Increasing the max depth will lead to longer training times, so it's better to do it only when necessary.

If increasing the depth of trees does not lead to overfitting, it means that there is a lot of important information to extract from the data; In this case, it might be usefulto stop tuning and try to generate new features.

**Subsmaple**

Reducing the fraction of objects to use for each tree might reduce overfitting. It's akin to a regularization parameter.


**Learning Rate**

Large learning rates will lead the model to fit faster but is prone to overfitting. And a learning rate that is to large will not converge so the model won't fit. Smaller learning rates lead to less overfitting but a learning rate that is too small will learn nothing even after many rounds.

We can start by using a relatively small learning rate, say 0.1 or 0.01, and use early stopping to find the number of iterations it takes for the model to overfit. We can then divide the learning rate and multiply the number of rounds by the same amount to improve the model's performance.


Contrary to GBDT that build trees one after the other, Random Forests build trees independently. It means that having many trees does not lead to overfitting. So the first step is to identify the number of trees (N_estimators) that is sufficient for the problem at hand. 

Additional resources:
+ [Tuning the hyper-parameters of an estimator (sklearn)](http://scikit-learn.org/stable/modules/grid_search.html).
+ [Optimizing hyperparameters with hyperopt](http://fastml.com/optimizing-hyperparams-with-hyperopt).
+ [Complete Guide to Parameter Tuning in Gradient Boosting (GBM) in Python](https://www.analyticsvidhya.com/blog/2016/02/complete-guide-parameter-tuning-gradient-boosting-gbm-python/).


## III.2. Neural Nets

**Layers & Neurons**

Increasing the number of neurons per layer increases allows the network to learn more complex decision boundaries; it risks overfitting. The same will happen when increasing the number of layers, with the additional risk of having the learning fail to converge. 


**Optimization Method**

Selecting an optimization method is often crucial:

+ Stochastic Gradient Descent (SGD) with momentum. Converges slower but less risks of overfitting.
+ Adaptive methods: Adam, Adagrad, Adadelta... Converges faster but more risks of overfitting. 


**Batch Size**

Large batch sizes typically lead to more overfitting. A good rule of thumb is to start with either 32 or 64, then reduce the batch size if the model still overfits. 

Note that:
+ too small batch sizes lead to the gradient being too noisy.
+ for the same number of epochs, a model with a smaller batch size is updated more often, which makes it take longer to train.

**Learning Rate**

If the learning rate too high, the network will never converge and if it's too small, it will take forever to learn.
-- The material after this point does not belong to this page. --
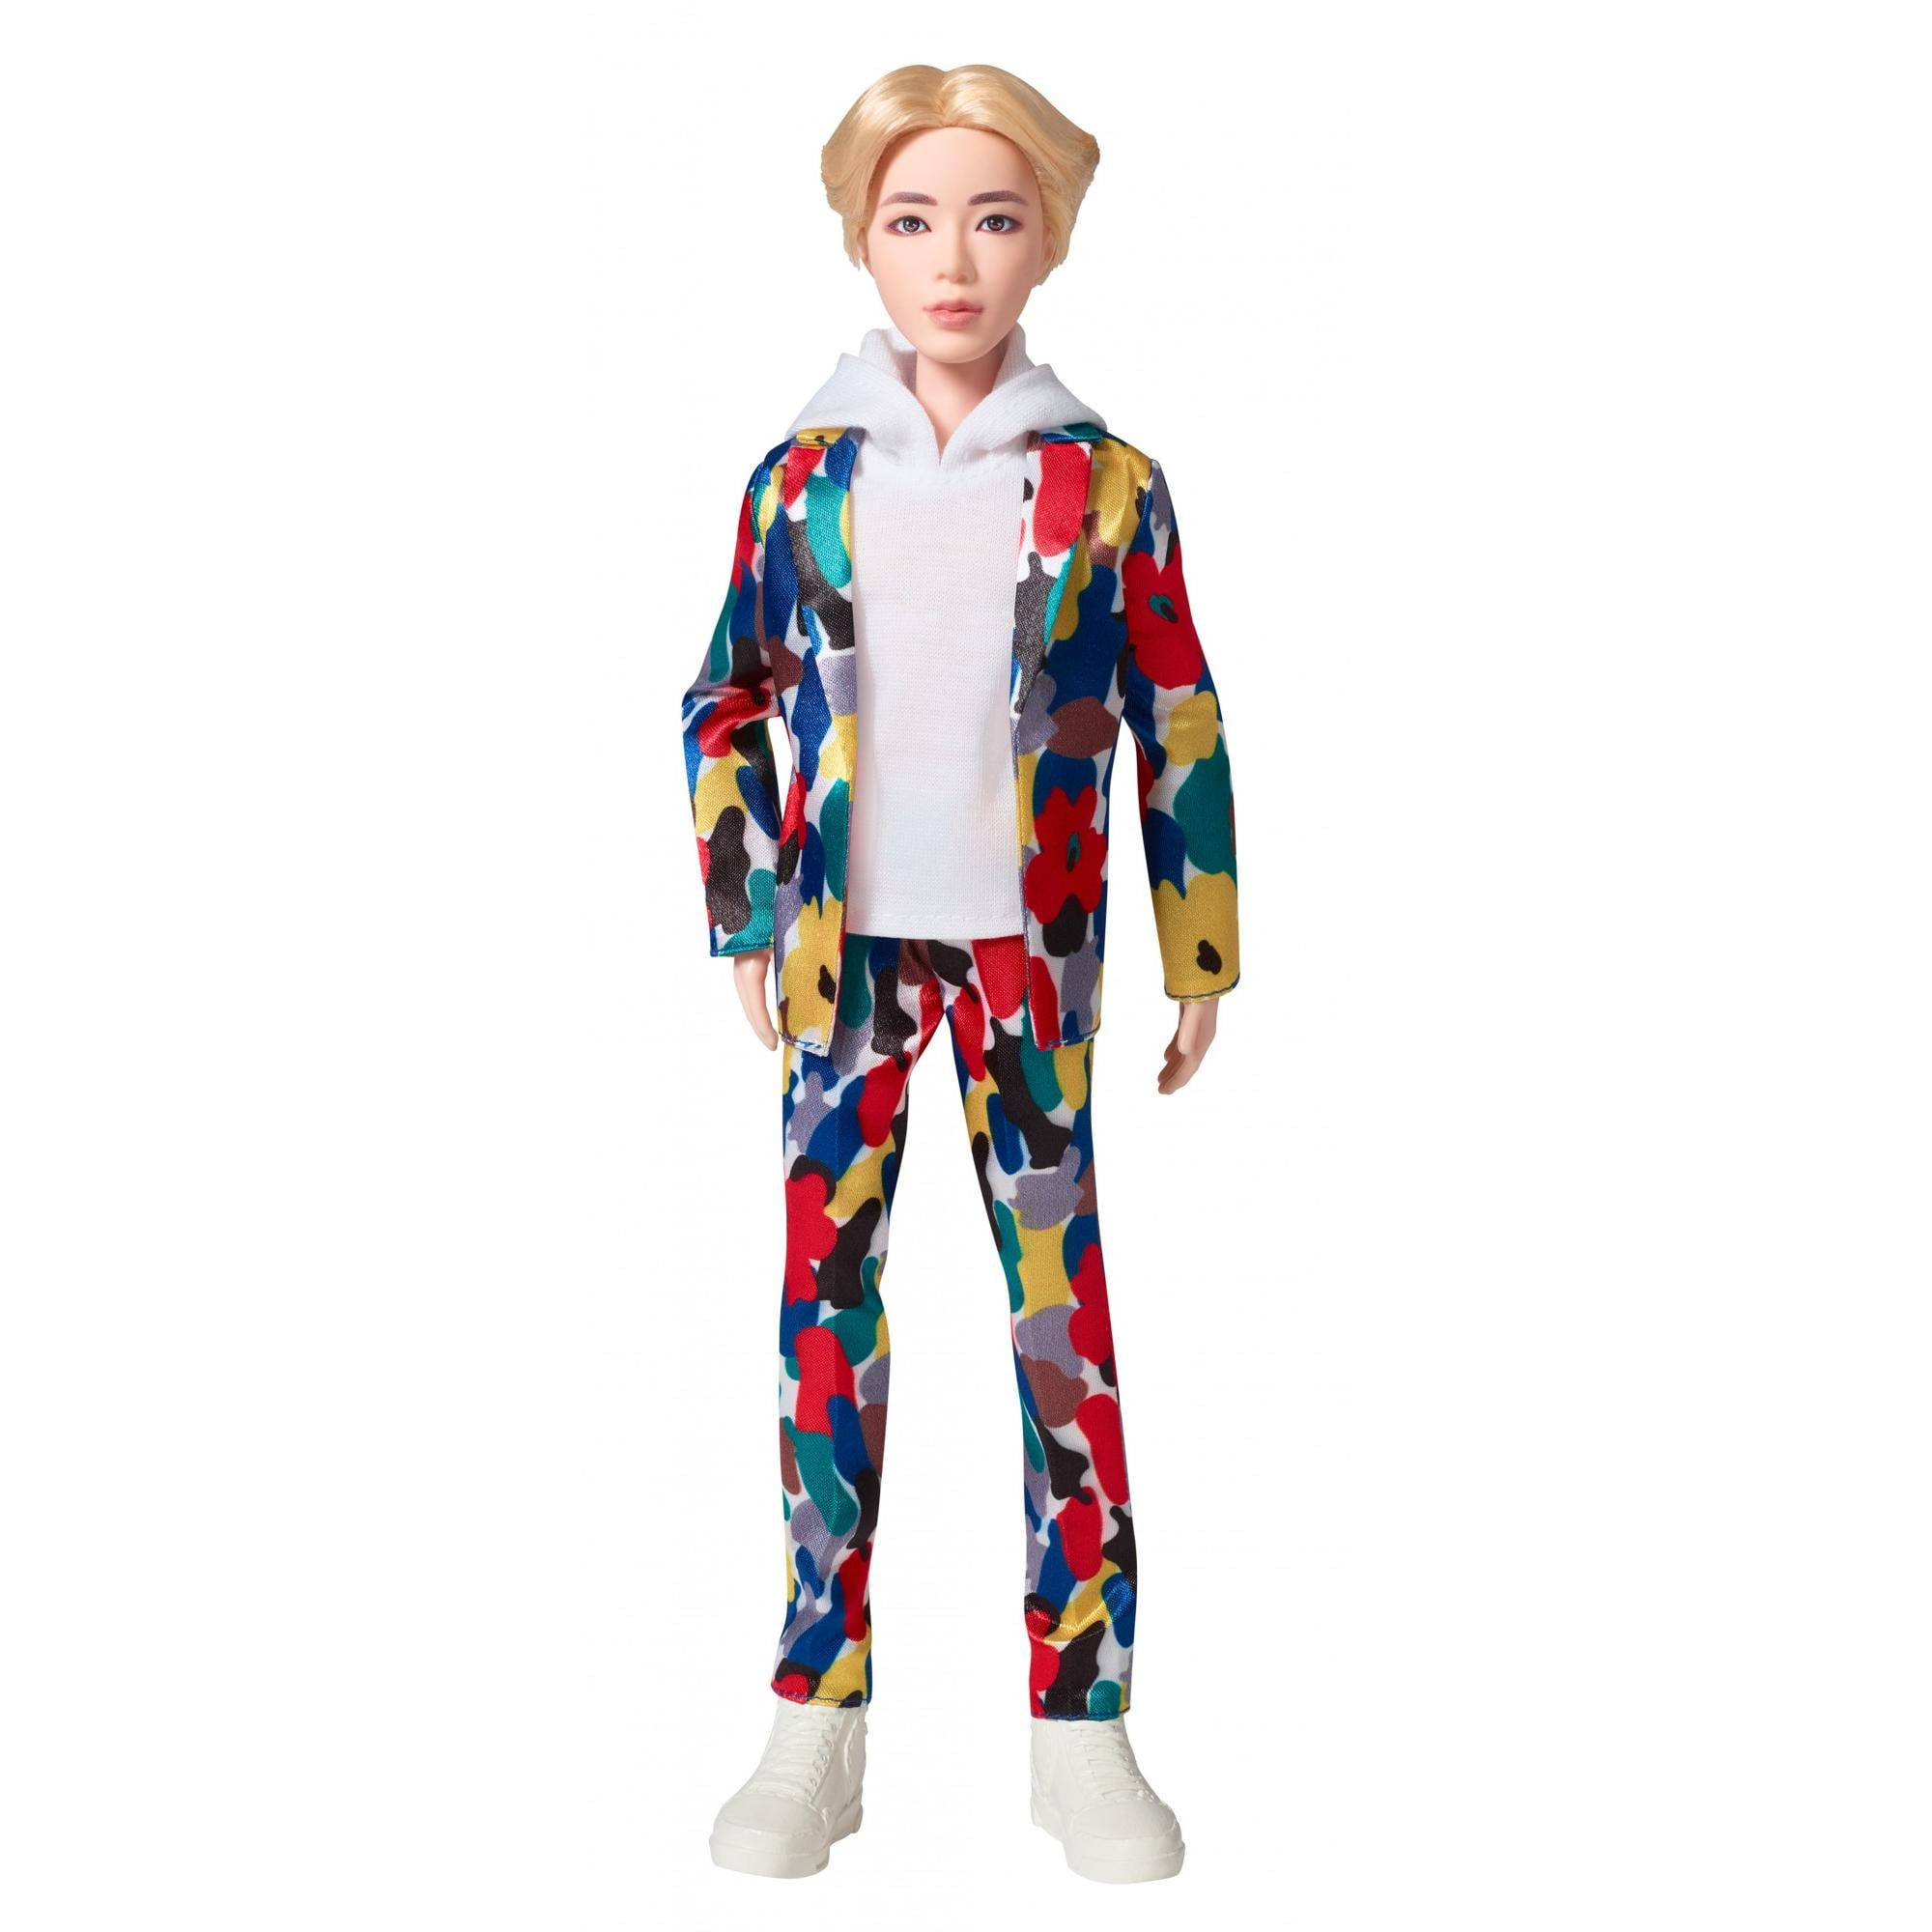 Bts Mini Idol Doll Jimin, ages 3 & up - Walmart.com

A good approach is to start with a very high learning rate like 0.1, then slowly decrease it until the network starts to converge.

Batch size and learning rates are correlated: a good rule of thumb when increasing the batch size by a factor of $\alpha$ is to also increase the learning rate by the same factor.

**Regularization**

L1 and L2 methods were commonly applied to the neural networks weights, but the most common regularization method today is the dropout method. Note that applying a dropout layer just after the data layer is not recommended, as the network will lose some information completely.



## III.3. Linear Models

Support Vector Machine models require almost no tuning; the parameter C is inversely proportional to regularization weights. A good rule of thumg is to start with very small values (10e-6) then increase by a factor of 10 at each iteration (more details [here](https://stats.stackexchange.com/questions/31066/what-is-the-influence-of-c-in-svms-with-linear-kernel)). Note that training time typically increases at the value of C increases.

Linear models mostly use L1 and L2 regularization methods. A good rule of thumg is also to start with very small values. Note that L1 can be used for feature selection due to its pattern of weights scarcity.